I'm following this paper, trying to understand Corollary 5.
Essentially, there is a Lie Bracket $[,]:C^*\otimes C^*\to C^*$ on a cochain complex $C^*$ such that the the differential $d$ of the complex is a derivation of the bracket, i.e.
$$d[x,y]=[dx,y]+(-1)^{|x|}[x,dy].$$
The author says that from this it is easy to see that this map takes cocycles to cocycles and is independent of the choice of representative of the cohomology classes. I can see that if $dx=0=dy$ (both $x$ and $y$ are cocycles) then $d[x,y]=0$ by the above identity, so the bracket takes cocycles to cocycles. My problem comes when trying to show that the value on different representatives of the same cohomology class is the same on cohomology.

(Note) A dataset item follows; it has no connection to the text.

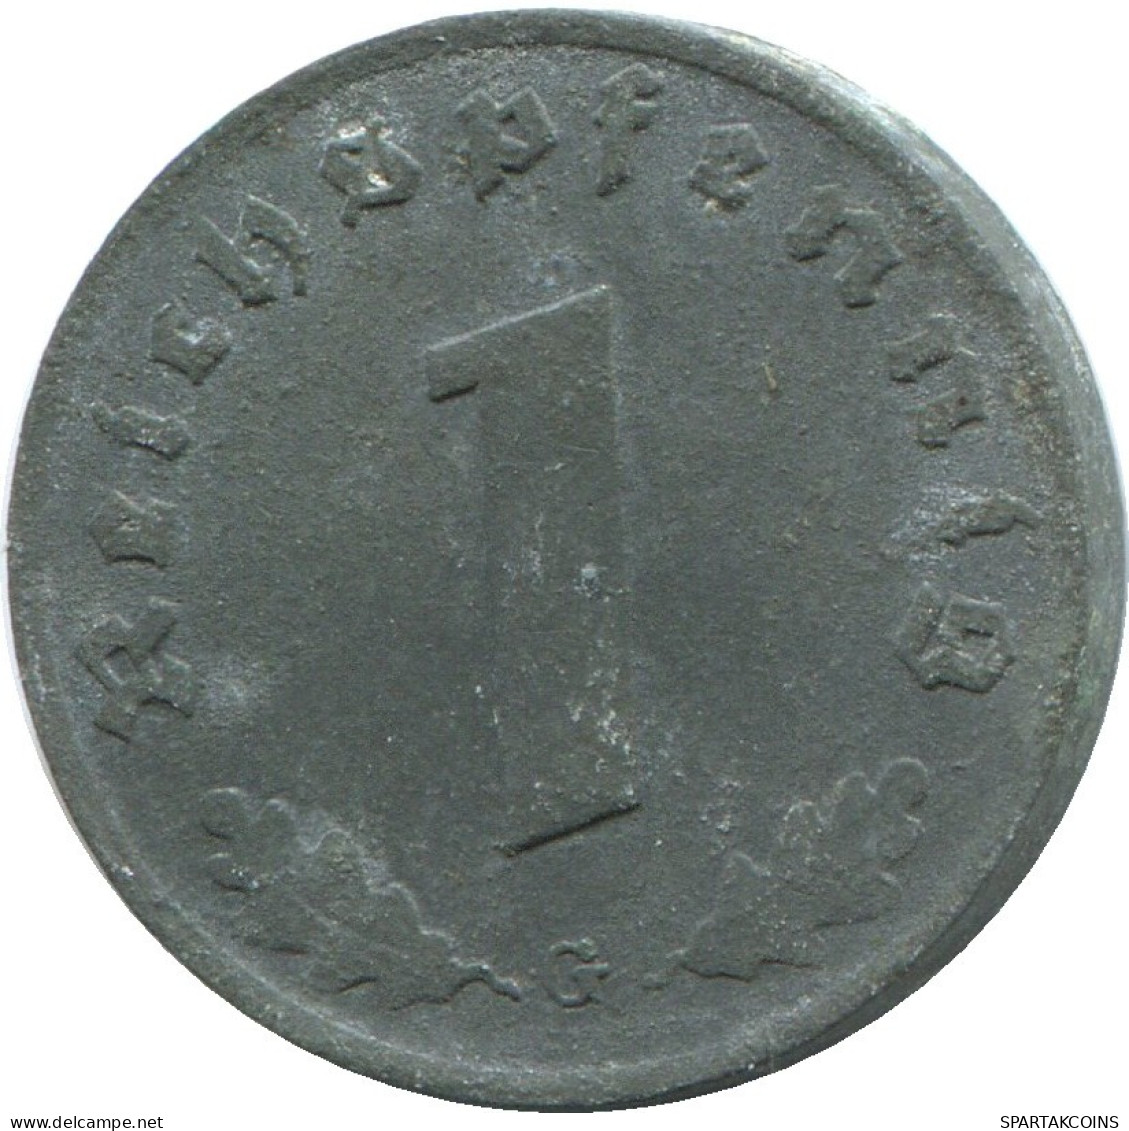 1 REICHSPFENNIG 1942 G GERMANY Coin #DE10425.5.U.A - 1 Reichspfennig

I can compute the bracket of another representative using linearity
$[x+da,y+db]=[x,y]+[x,db]+[da,y]+[da,db]$
If I assume that $[x,da]=[x,0]=0$, then I would be done, but I think $[x,da]=[x,0]$ is part of what I want to prove. Otherwise I would need to show that $[x+da,y+db]-[x,y]$ is a coboundary. But this difference is
$[x,db]+[da,y]+[da,db]$
and I don't see how this is $d(something)$.
I found out how to describe the $[x,db]+[da,y]+[da,db]$ as a coboundary.

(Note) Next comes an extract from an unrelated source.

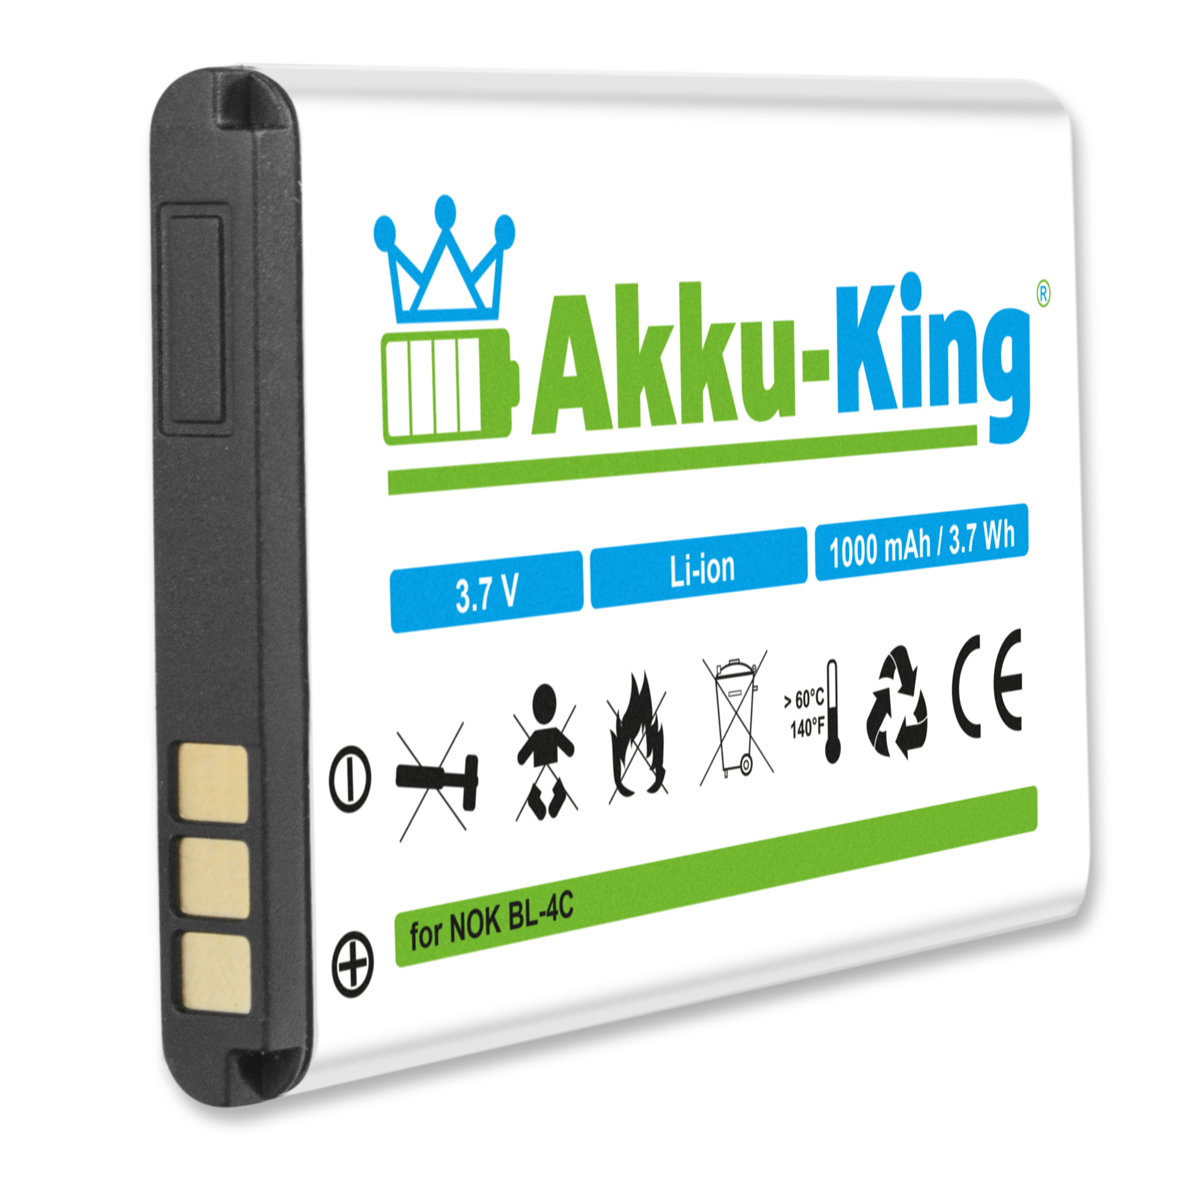 Handy-Akku, 3.7 Doro AKKU-KING Akku mit Volt, 1000mAh kompatibel Li-Ion XYP1110007704

It is $d((-1)^{|x|}[x,b]+[a,y]+[a,db])$. Here's the computation using the derivation property, note that $x$ and $y$ are cocycles, so they vanish when $d$ acts on them
$$d((-1)^{|x|}[x,b]+[a,y]+[a,db])=(-1)^{|x|}[dx,b]+[x,db]+[da,y]+(-1)^{|a|}[a,dy]+[da,db]+(-1)^{|a|}[a,ddb]=$$
$$[x,db]+ [da,y]+[da,db]$$
as I wanted.
P.S.: mathematicians, if something is easy, do it or at least indicate it, this is easy once you see it, but I don't think it's so obvious.